Was bedeutet das? Nun, dreißig Prozent sind zunächst einmal weniger als die
Hälfte. Das entlastet mich. Hundert Prozent sind bei mir nämlich so viel, dass
mich jeder Glaube an sie von vorneherein blockiert. Auf der anderen Seite sind
dreißig Prozent mehr als die Hälfte von der Hälfte von hundert Prozent. Das ist
nicht nichts. Wenn ich also hergehe und sage, ich schreibe einen Roman, und
wenn ich gleichzeitig sage, dreißig Prozent sind genug, dann liegt die Latte
gerade so hoch, dass ich drüber komme, und außerdem habe ich eine Aufgabe, die
mich morgens aus dem Bett bringt.
Fünfzig Prozent
wären mir zu viel. Mit fünfzig Prozent bekäme ich in der Schule gerade ein
Genügend. Weniger ist mehr. Mit den dreißig Prozent liege ich gerade richtig.

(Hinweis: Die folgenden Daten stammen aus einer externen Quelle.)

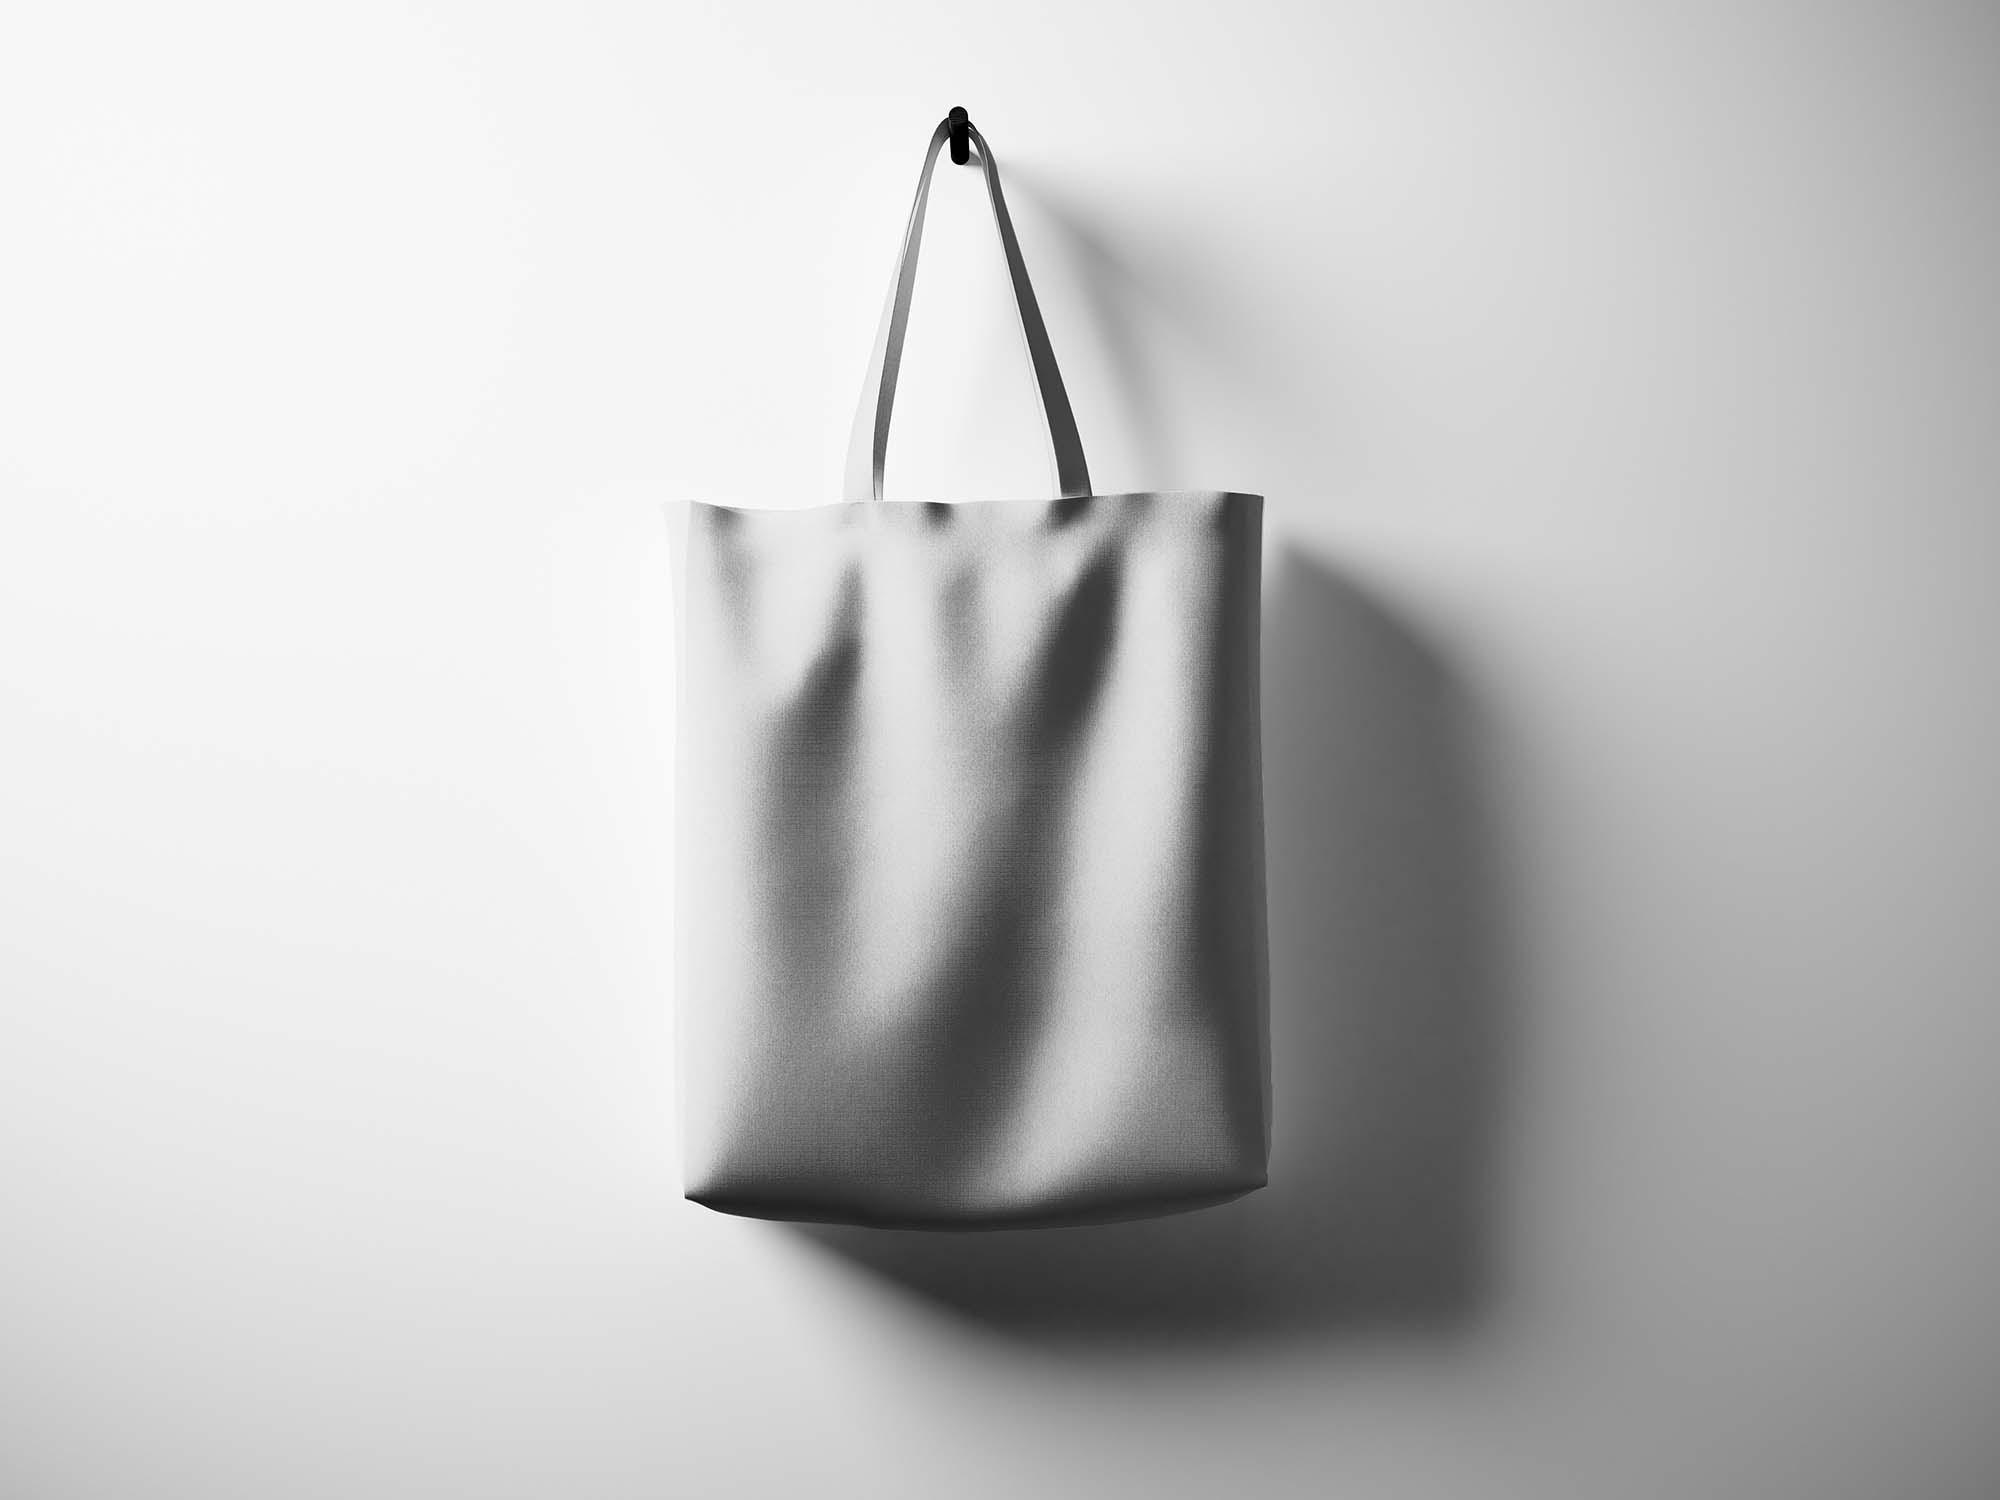 Hanging Handbag Mockup 2

Denn das sind immerhin dreißig Prozent meiner Träume und Wünsche. Das ist mehr als sie mir in der Schule bieten konnten.
Vor ein paar
Tagen habe ich mit einer Freundin telefoniert, die wie ich unter einem hohen
inneren Erwartungsdruck leidet. Ihr habe ich von den dreißig Prozent erzählt.

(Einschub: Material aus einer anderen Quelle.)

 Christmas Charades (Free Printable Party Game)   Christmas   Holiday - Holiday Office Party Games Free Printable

Sie meinte nur, ihr wären dreißig Prozent zu wenig. Am liebsten wären ihr
hundert Prozent. Da habe ich mir gedacht, dass es gar nicht leicht ist, sich
von den hundert Prozent zu trennen. Genau deshalb reizt mich die Sache. Wenn
ich hundert Prozent gewollt hätte, hätte ich diesen Artikel nie geschrieben.

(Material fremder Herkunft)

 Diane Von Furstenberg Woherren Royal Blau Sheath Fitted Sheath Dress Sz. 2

Weil dreißig Prozent genügen sollen, bin ich bis hierher gekommen. Meine Freundin
klagt inzwischen weiterhin über großen inneren Druck und darüber, dass sie ihr
Leben nicht so leben kann, wie sie es eigentlich möchte.
Bei mir bemerke
ich folgendes: Seitdem ich mir nur mehr dreißig Prozent meiner Wünsche erhoffe,
habe ich wieder mehr Mut zum Träumen.
ich mag die idee von den 30%.
AntwortenLöschenes heißt nicht, keine anforderungen an mich zu haben, sondern die selbst gesetzten ziele nicht unerreichbar in diffuser ferne entschwinden zu sehen. der mensch sieht, fühlt sich dann ja auch 'gerne' schlecht, unnütz, unfähig. tatsächlich kann ich dieses x% ziel stück für stück erreichen. und möglicherweise auch mehr. darüber hinaus. oder auch nicht. kein problem. und dann der nächste schritt. das nächste ziel. usw...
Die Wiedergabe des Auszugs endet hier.